The second issue involves the severance fees provision. C&W's explanation of “severance fees” as a concept entirely divorced from “severance costs, ” see Reply at 4, makes some sense, but it is not the only reasonable interpretation of those terms in the contract. Veritas discusses “severance, ” “severance fees, ” and “severance expenses” interchangeably. See Opp'n at 9-10. It is not clear that Veritas's assertion-that it “was only required to pay a budgeted sum for severance over the first two years of the contract, ” Opp'n at 9 (citing MSA Ex. D Attachment E)-is clearly incorrect. Even accepting C&W's explanation that severance fees are something different from severance costs, and “not at issue” here, the language in Exhibit D making severance costs a pass-through expense for Veritas to reimburse “whenever payable” is arguably in tension with the budget for severance fees. Can Veritas be responsible for paying all severance expenses without limitation, but also be limited to two years of budgeted severance fees? Maybe, but the MSA does not unambiguously say this.

Accordingly, the MSA is ambiguous regarding severance payments. The Court cannot resolve that ambiguity at this stage of the litigation, as C&W suggests, by looking at Veritas's practice of paying some severance costs in the second two years of the contract, see Mot. at 7, because “C&W's [allegedly] opaque billing practices were the root cause of several claims asserted in this lawsuit, ” Opp'n at 10-11 (citing Compl. ¶¶ 1, 9, 15). The Court may not resolve these contractual disputes on a motion for judgment on the pleadings, and therefore DENIES C&W's motion as to this cause of action. See NYCA, Inc., 572 F.3d at 777.

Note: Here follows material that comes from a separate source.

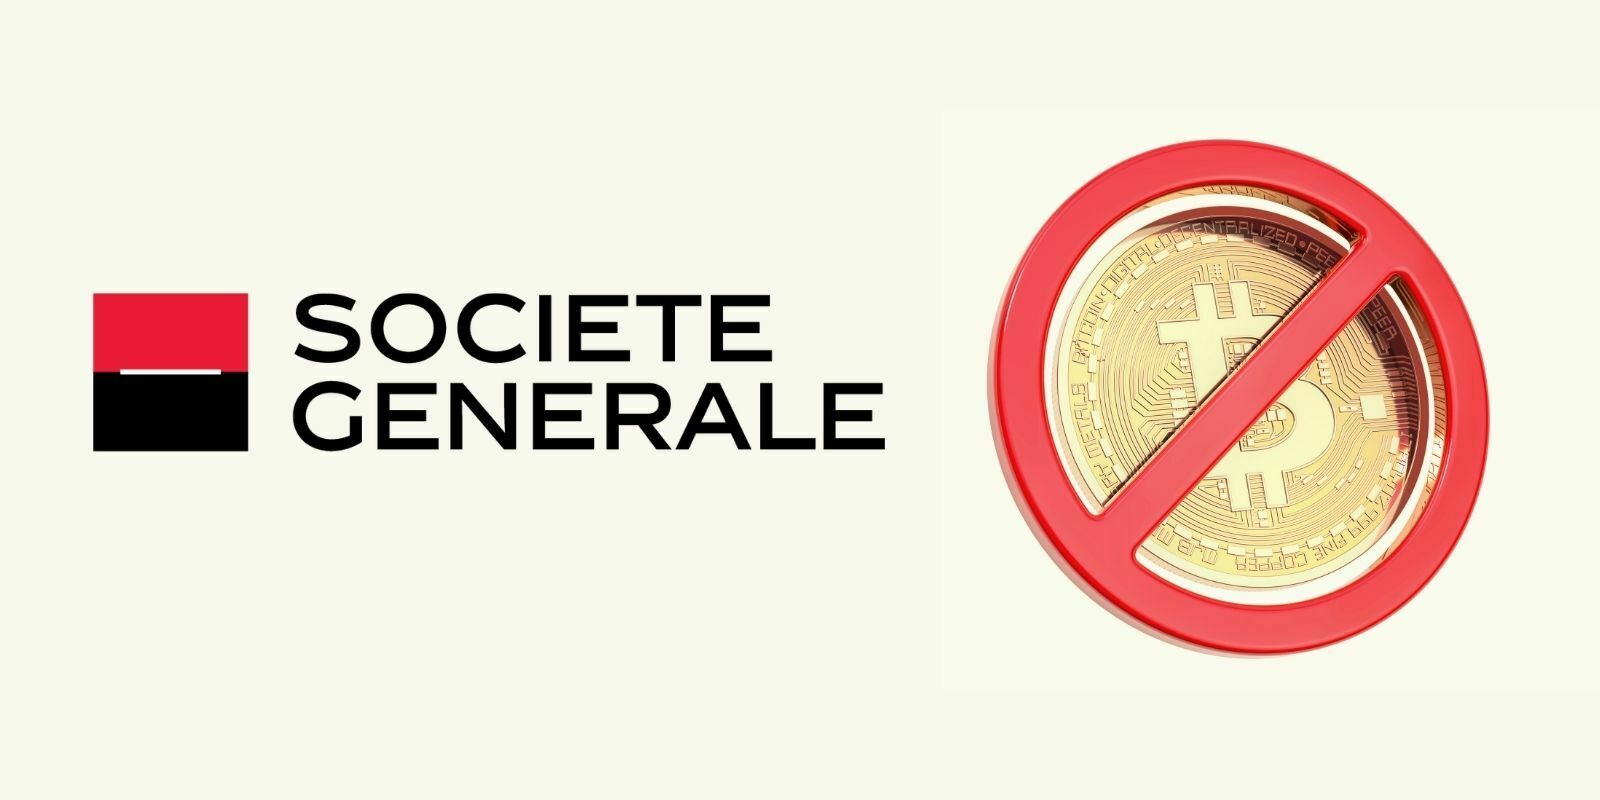 Selon la Société Générale, la place du Bitcoin dans un portefeuille « demeure très contestée »

2. Commission Rebates - Condition Precedent

C&W also seeks judgment on the pleadings as to Veritas's claim for $1,201,573.66 in commission rebates, arguing that Veritas did not follow the MSA's dispute resolution process and therefore breached the MSA by failing to satisfy a condition precedent before filing suit. See MJOP at 8-9; Reply 5-7. In response, Veritas argues that because its “Complaint pleads that the parties invoked the dispute resolution process and held a series of telephone conferences between various executives between April 2019 and October 2019” it has sufficiently alleged that it satisfied all conditions precedent such that it should survive C&W's attempt to dismiss at this early stage. See Opp'n at 6, 8; see also Compl. ¶ 19.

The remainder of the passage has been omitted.